→ **DIRECTIONS FOR THIS TASK**
Reproduce every line of the material below, but drop the pictures.

→ **COLLECTED DATA**
▼▼▼

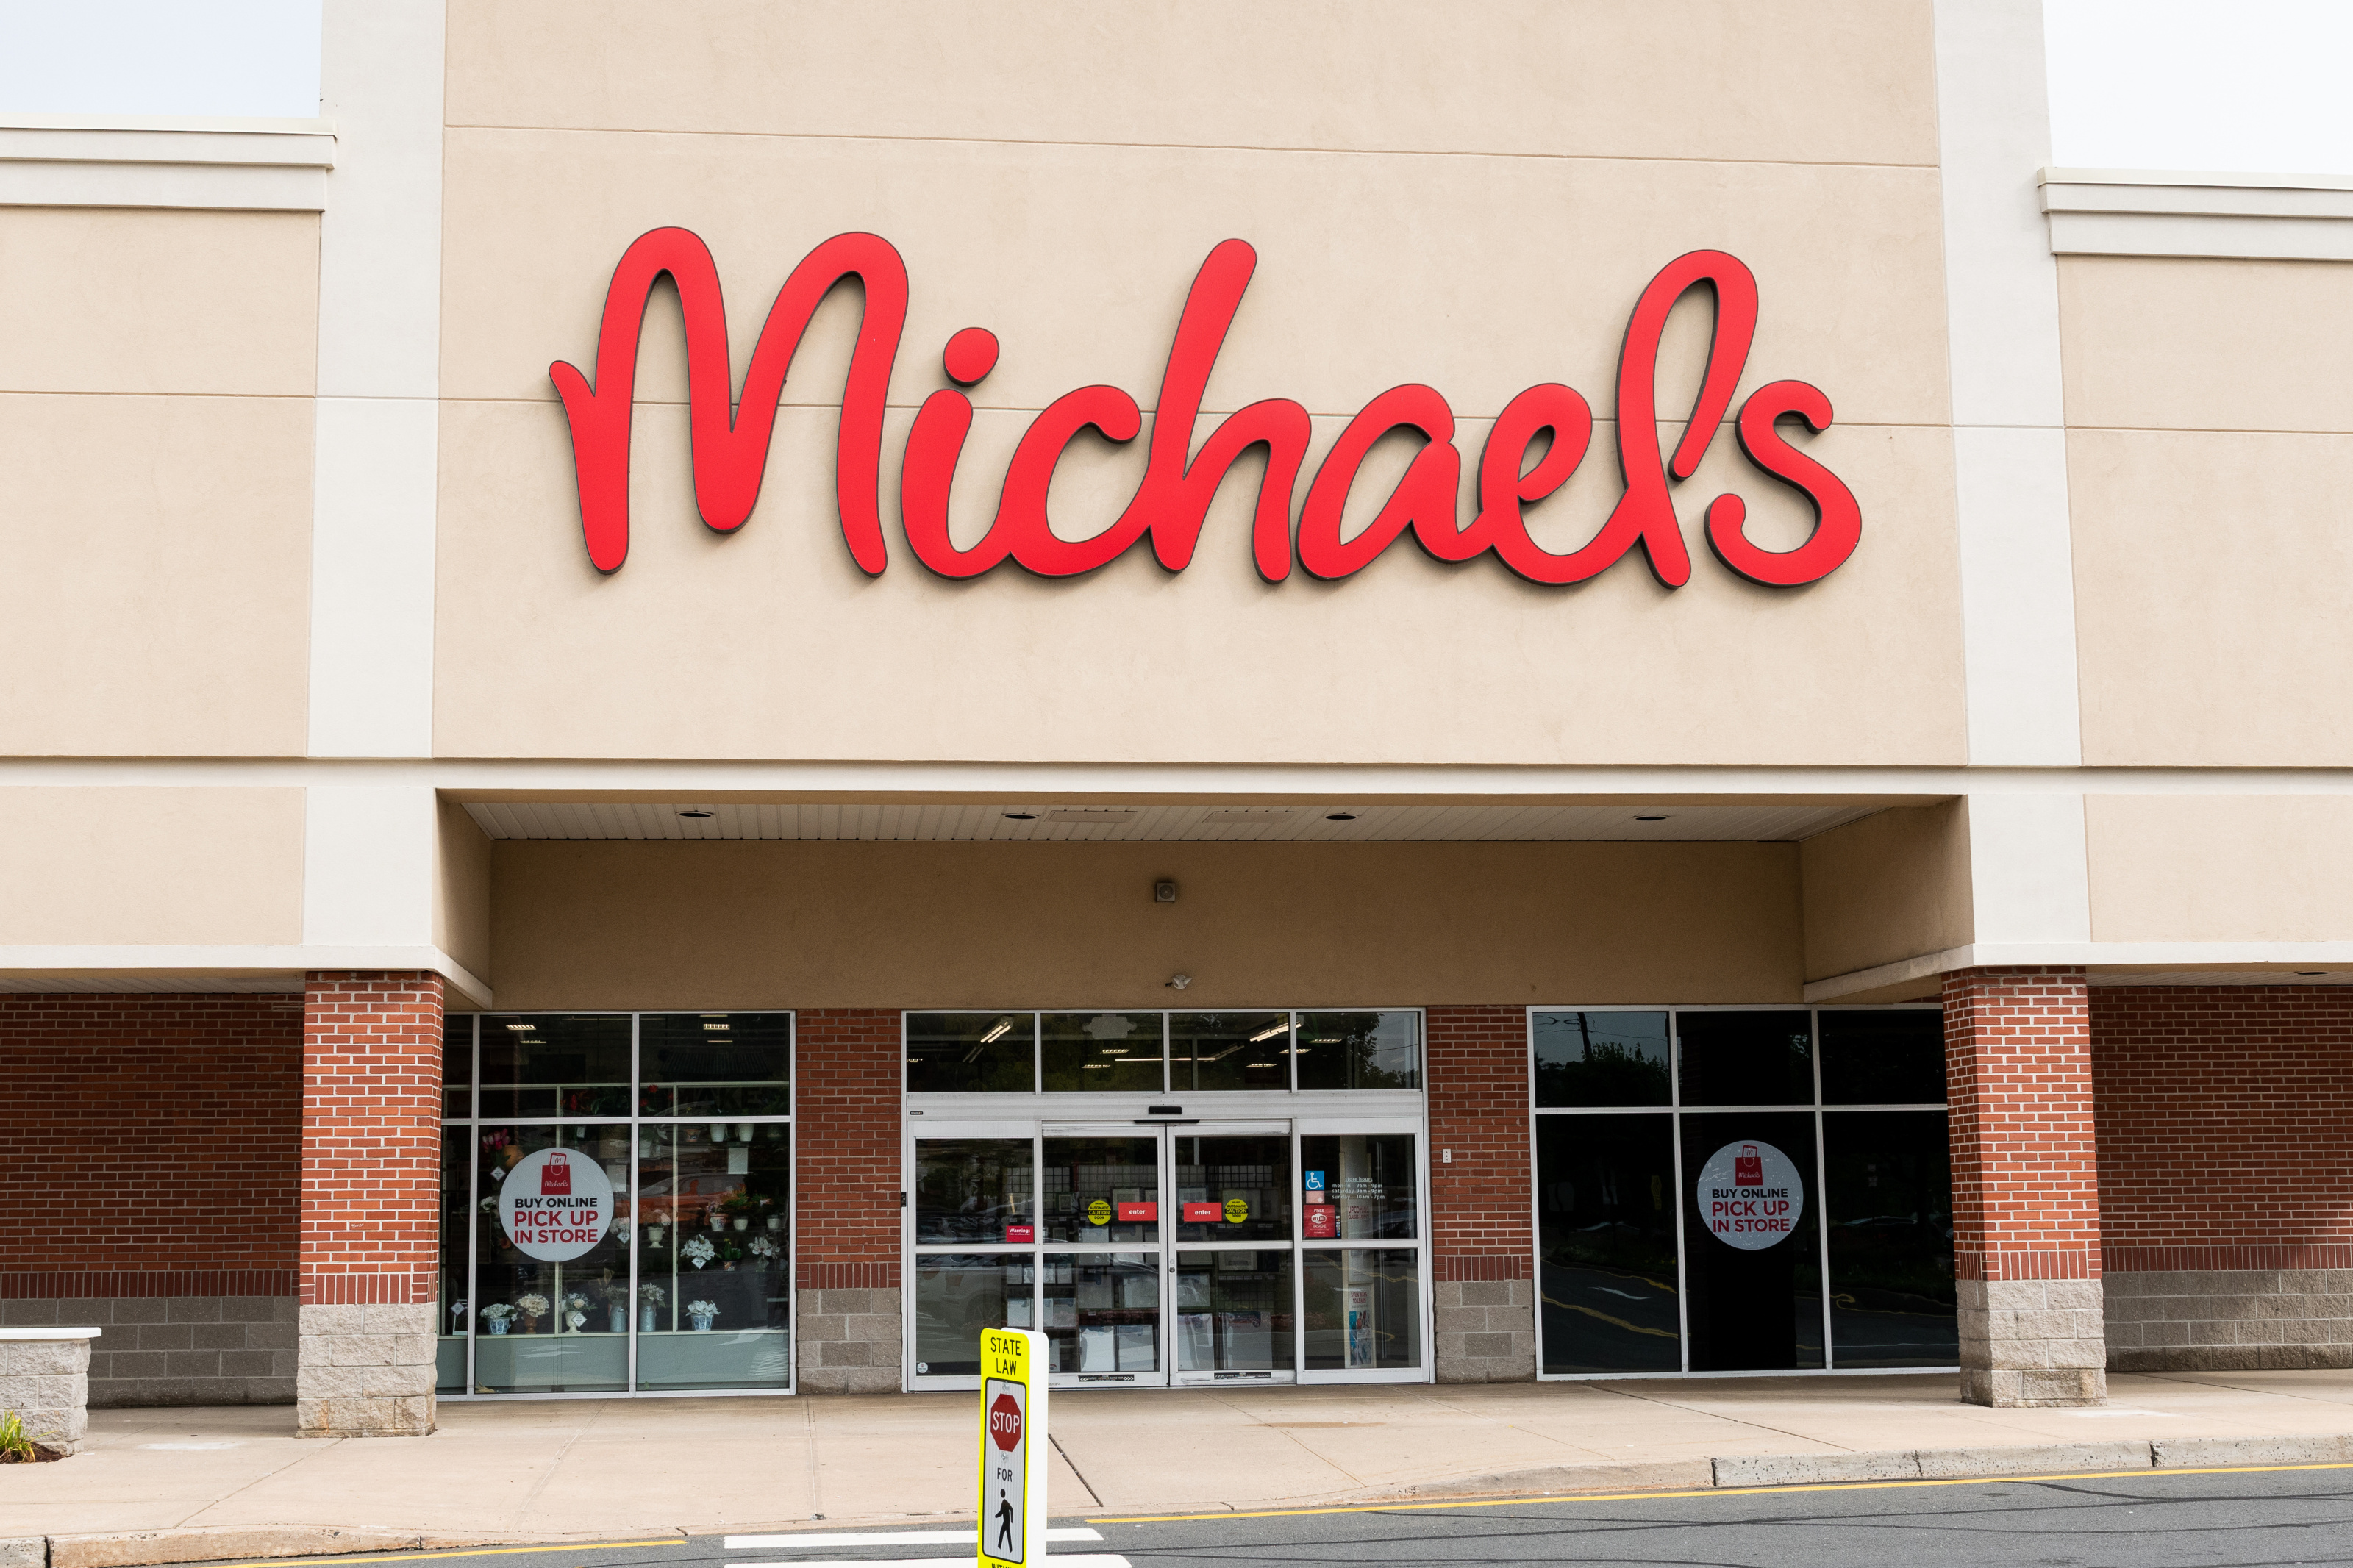 Michaels Hours Is it Open Today?
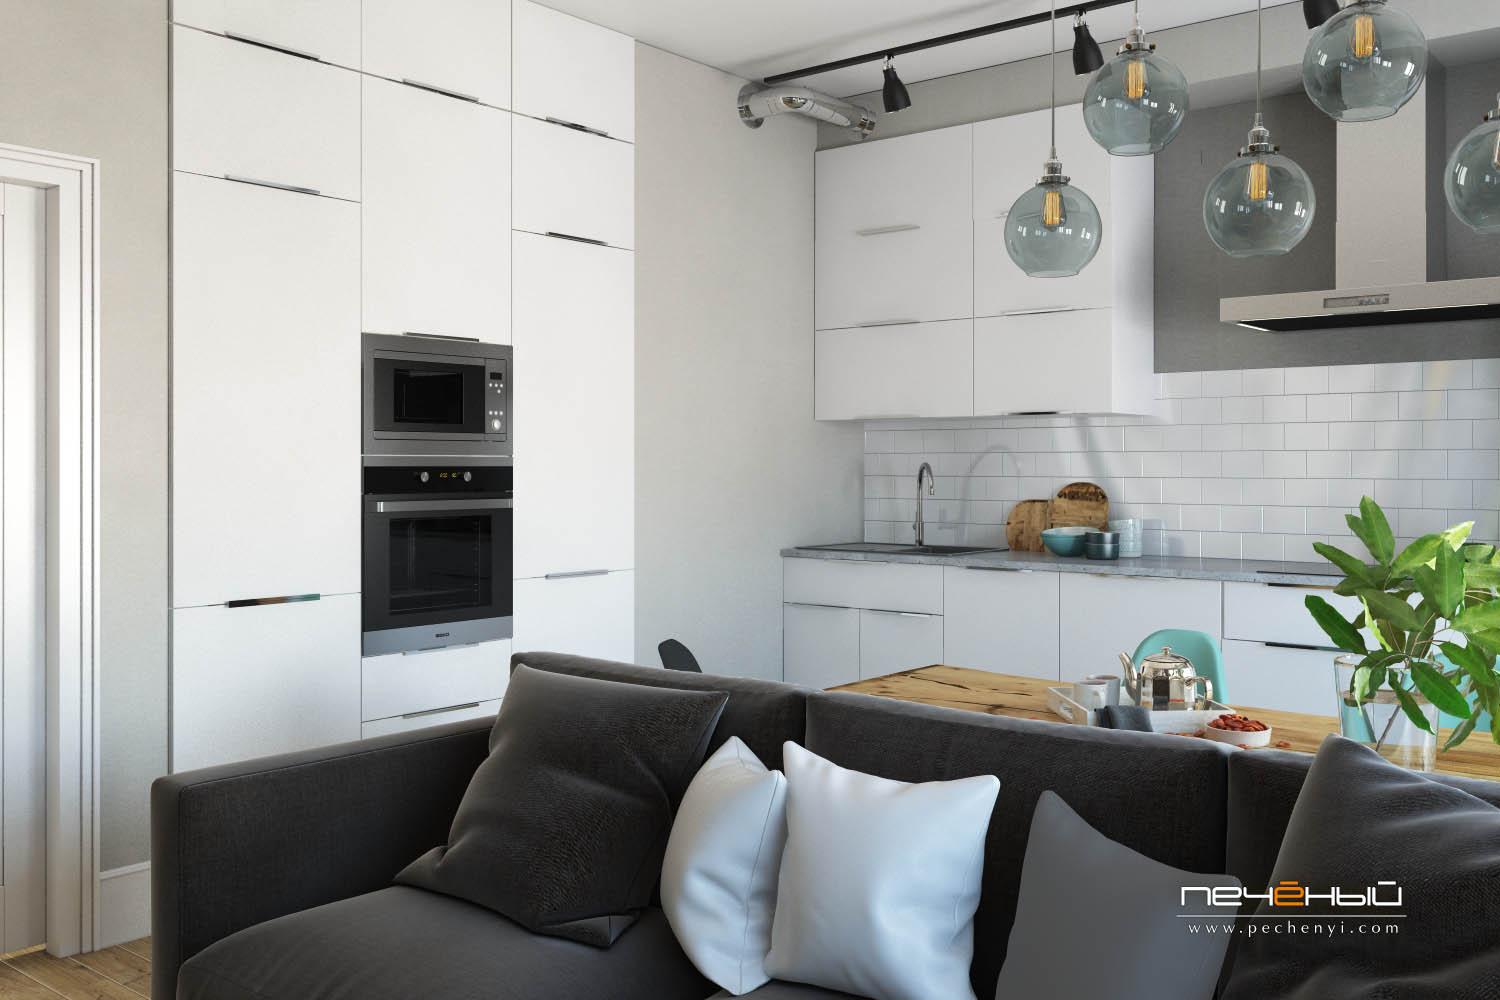 The modern white kitchen in grey and white with subway tiles is fresh and functional, no handle cabinets look neat
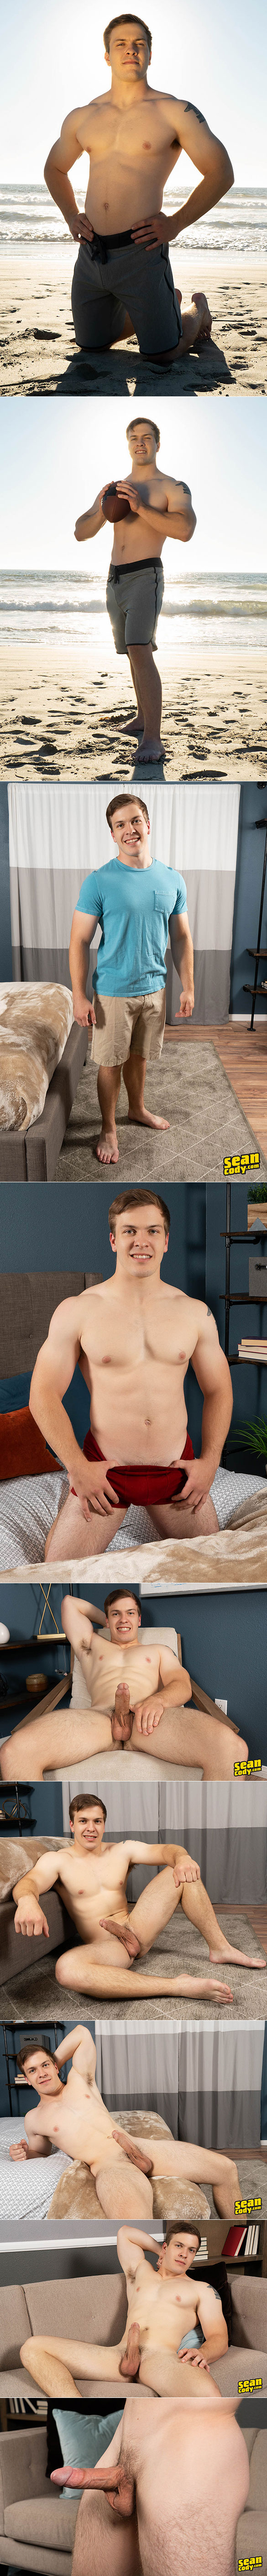 Sean Cody: Clyde busts a nut

▲▲▲

→ **ANSWER TO THE PROBLEM**
 Michaels Hours Is it Open Today?
 The modern white kitchen in grey and white with subway tiles is fresh and functional, no handle cabinets look neat
 Sean Cody: Clyde busts a nut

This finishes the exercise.